Stanley B. Prusiner
- In full:
- Stanley Ben Prusiner
- Born:
- May 28, 1942, Des Moines, Iowa, U.S.
- Awards And Honors:
- Nobel Prize (1997)
- Subjects Of Study:
- prion
- spongiform encephalopathy
Stanley B. Prusiner (born May 28, 1942, Des Moines, Iowa, U.S.) is an American biochemist and neurologist whose discovery in 1982 of disease-causing proteins called prions won him the 1997 Nobel Prize for Physiology or Medicine.
Prusiner grew up in Cincinnati, Ohio, and was educated at the University of Pennsylvania (A.B., 1964; M.D., 1968). After spending four years in biochemical research, he became (1972) a resident in neurology at the University of California, San Francisco, School of Medicine. He joined the faculty there in 1974 and became a professor of neurology and biochemistry. While a neurology resident, he was in charge of a patient who died of a rare fatal degenerative disorder of the brain called Creutzfeldt-Jakob disease. Prusiner became intrigued by this little-known class of neurodegenerative disorders—the spongiform encephalopathies—that caused progressive dementia and death in humans and animals. In 1974 he set up a laboratory to study scrapie, a related disorder of sheep, and in 1982 he claimed to have isolated the scrapie-causing agent. He claimed that this pathogenic agent, which he named “prion,” was unlike any other known pathogen, such as a virus or bacterium, because it consisted only of protein and lacked the genetic material contained within all life-forms that is necessary for replication.
When first published, the prion theory met with much criticism, but it became widely accepted by the mid-1990s. In 1996, when a new variant of Creutzfeldt-Jakob disease emerged in Great Britain, Prusiner’s research was the focus of national attention. Fears abounded that the new variant of the disease might be linked to “mad cow” disease, a brain disorder that first appeared in British cattle a decade earlier. Some evidence suggested that the mad cow prion may have jumped species, infecting humans who consumed beef contaminated with the infectious agent. Because mad cow disease was believed to have been caused when the agent that causes scrapie in sheep was transmitted to cattle in feed, there was precedent for species-jumping events to occur. Prusiner’s research also could have significant implications for such disorders as Alzheimer disease and Parkinson disease, which seemed to share certain characteristics with the diseases caused by prions.

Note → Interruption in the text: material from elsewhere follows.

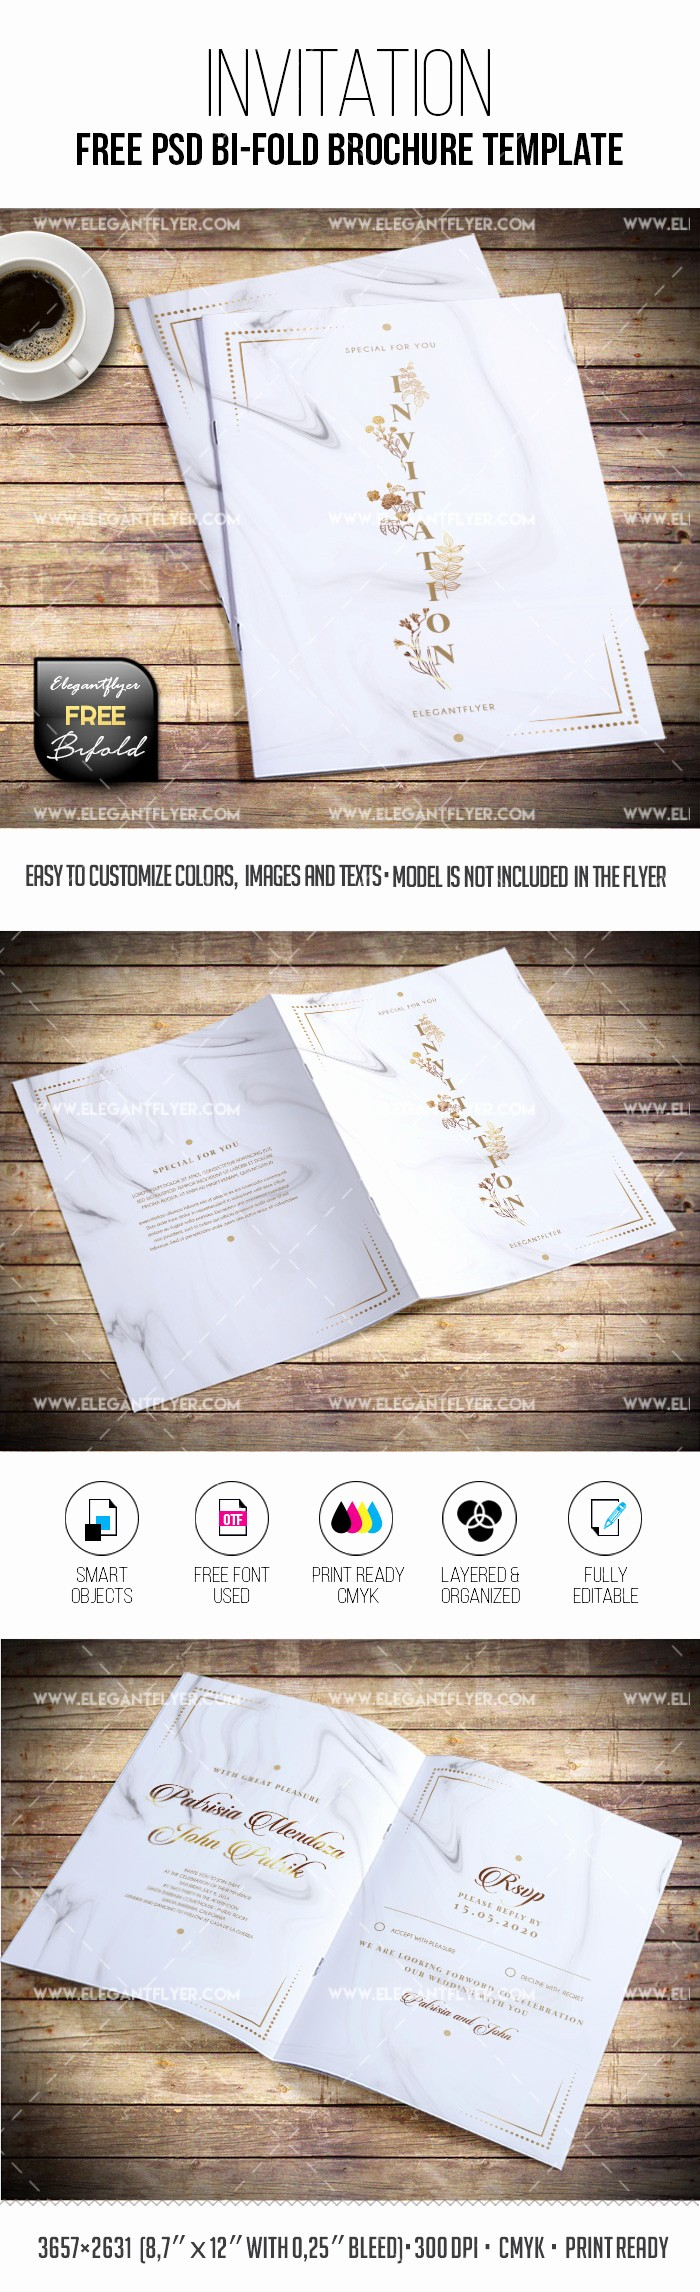 Bi-fold Card Template Lovely Invitation Card – Free Bi Fold Brochure Template – by

Prusiner received the Albert Lasker Basic Medical Research Award (1994) and the Louisa Gross Horowitz Prize (1997) for his discoveries pertaining to neurodegenerative disease. After he was appointed director of the Institute for Neurodegenerative Diseases at the University of California, San Francisco, he founded InPro Biotechnology, Inc. (2001). The company was designed to further develop and commercialize discoveries and technologies conceived in his laboratory at the university. Among the technologies promoted by InPro was a test to detect bovine spongiform encephalopathy in cattle and sheep, chronic wasting disease in deer and elk, and Creutzfeldt-Jakob disease in humans. Prusiner also wrote several books during his career, including Slow Transmissible Diseases of the Nervous System (1979; cowritten by William Hadlow) and Prion Biology and Diseases (2004).